We have a situation where the UK Government say, “We have a system,” and absolve themselves of their responsibility and duty of care to the citizens of the United Kingdom. I was going to ask the Minister explain why we cannot treat any cannabis-based medical products as schedule 2 drugs under the statutory instrument where that product has been prescribed by a medical practitioner in another jurisdiction, but of course we have a Health Minister in front of us today, not a Home Office Minister. Yet again, this problem falls between two stools. The Home Office or the Department of Health and Social Care—who will take responsibility for this issue and move it forward?

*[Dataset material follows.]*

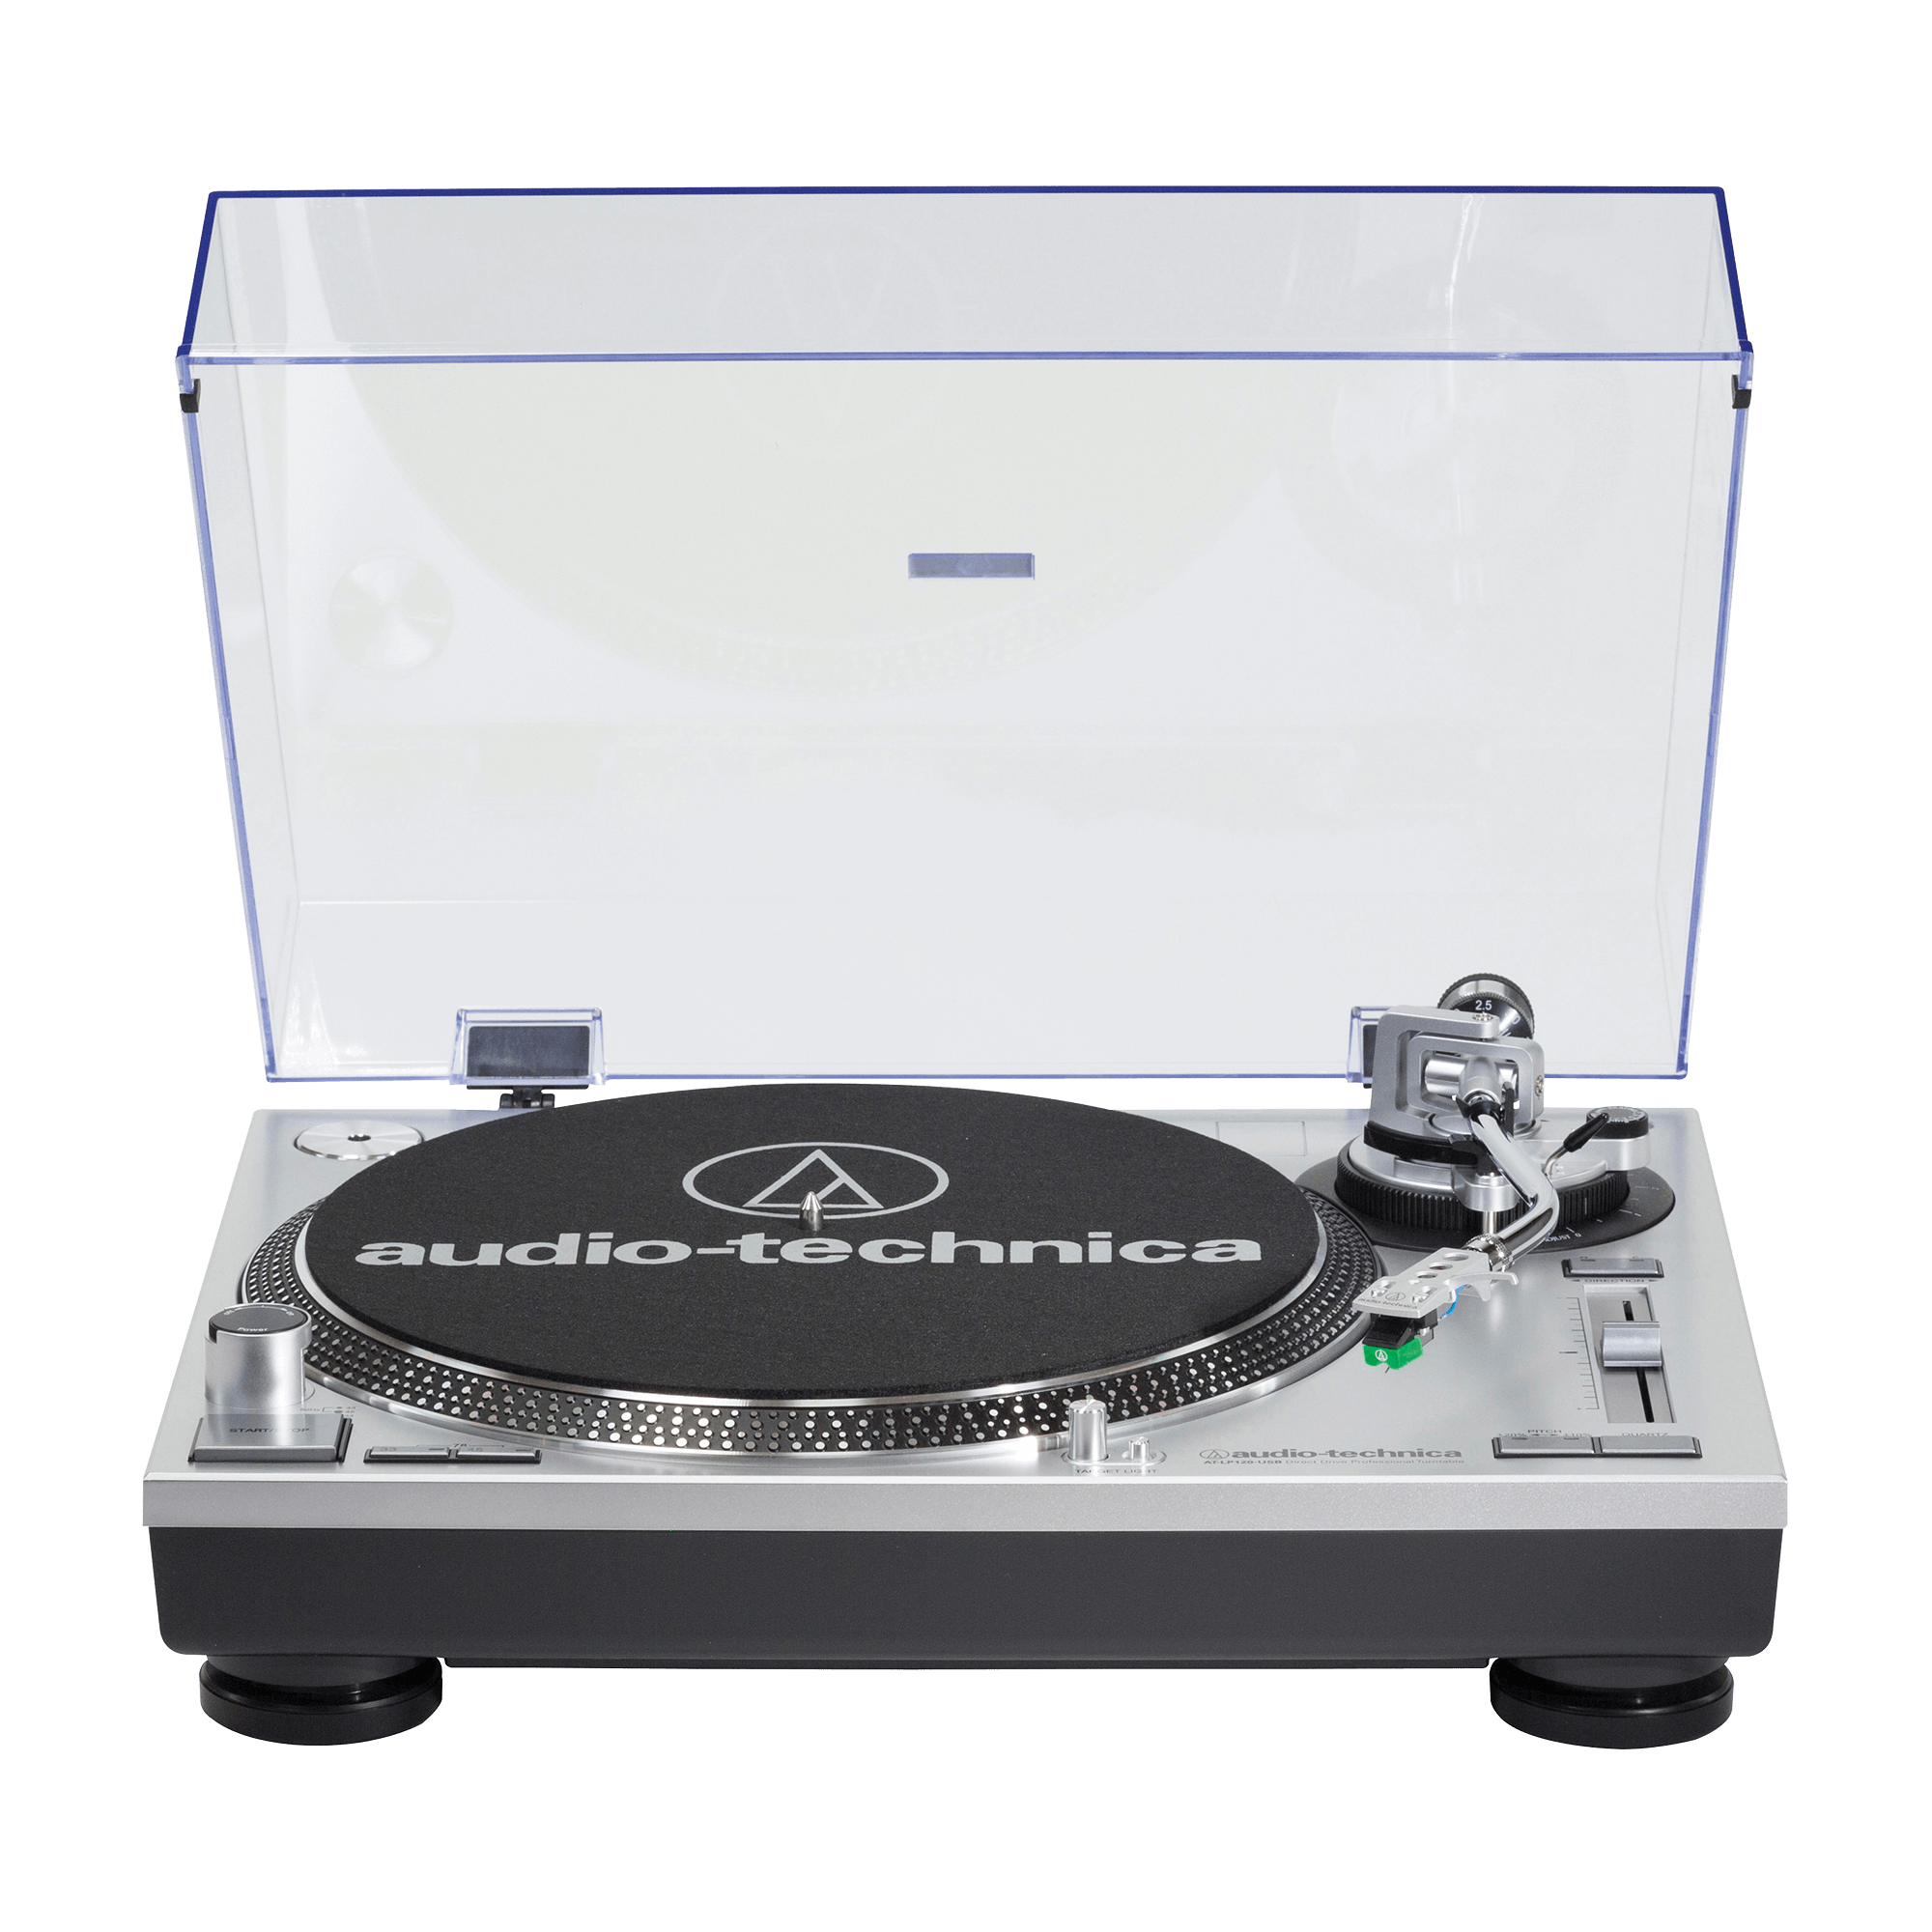  Audio-Technica AT-LP120XUSB-BK Direct-Drive Turntable (Analog &  USB), Fully Manual, Hi-Fi, 3 Speed, Convert Vinyl to Digital, Anti-Skate  and Variable Pitch Control Black : AUDIO-TECHNICA: Electronics

While we delay, the privatised UK cannabis business grows and the privatised pharmaceutical companies are controlling the available products with an iron fist. It looks as though we are restricting the provision of medical cannabis while we evaluate a marketplace and develop products with the intention of making a lot of money out of it, but the Government would not be that cruel, would they? Not deliberately! The Government do not have a vested interest in the pharmaceutical industry, do they? They are not granting licences to their pals to grow cannabis or encouraging family members to invest in pharmaceutical companies with a vested interest, are they? Surely not. But of course, we know that they absolutely are. That is the backdrop to the photo opportunities and the sympathetic words of staged understanding from Ministers. Unless someone has a child living in these circumstances, they cannot possibly understand the need, the frustration and the anger. As politicians, we are elected to listen to the people. The parents and guardians of these young men and women are screaming at us, “Give us access to affordable, legal medication for our children, and do it now.”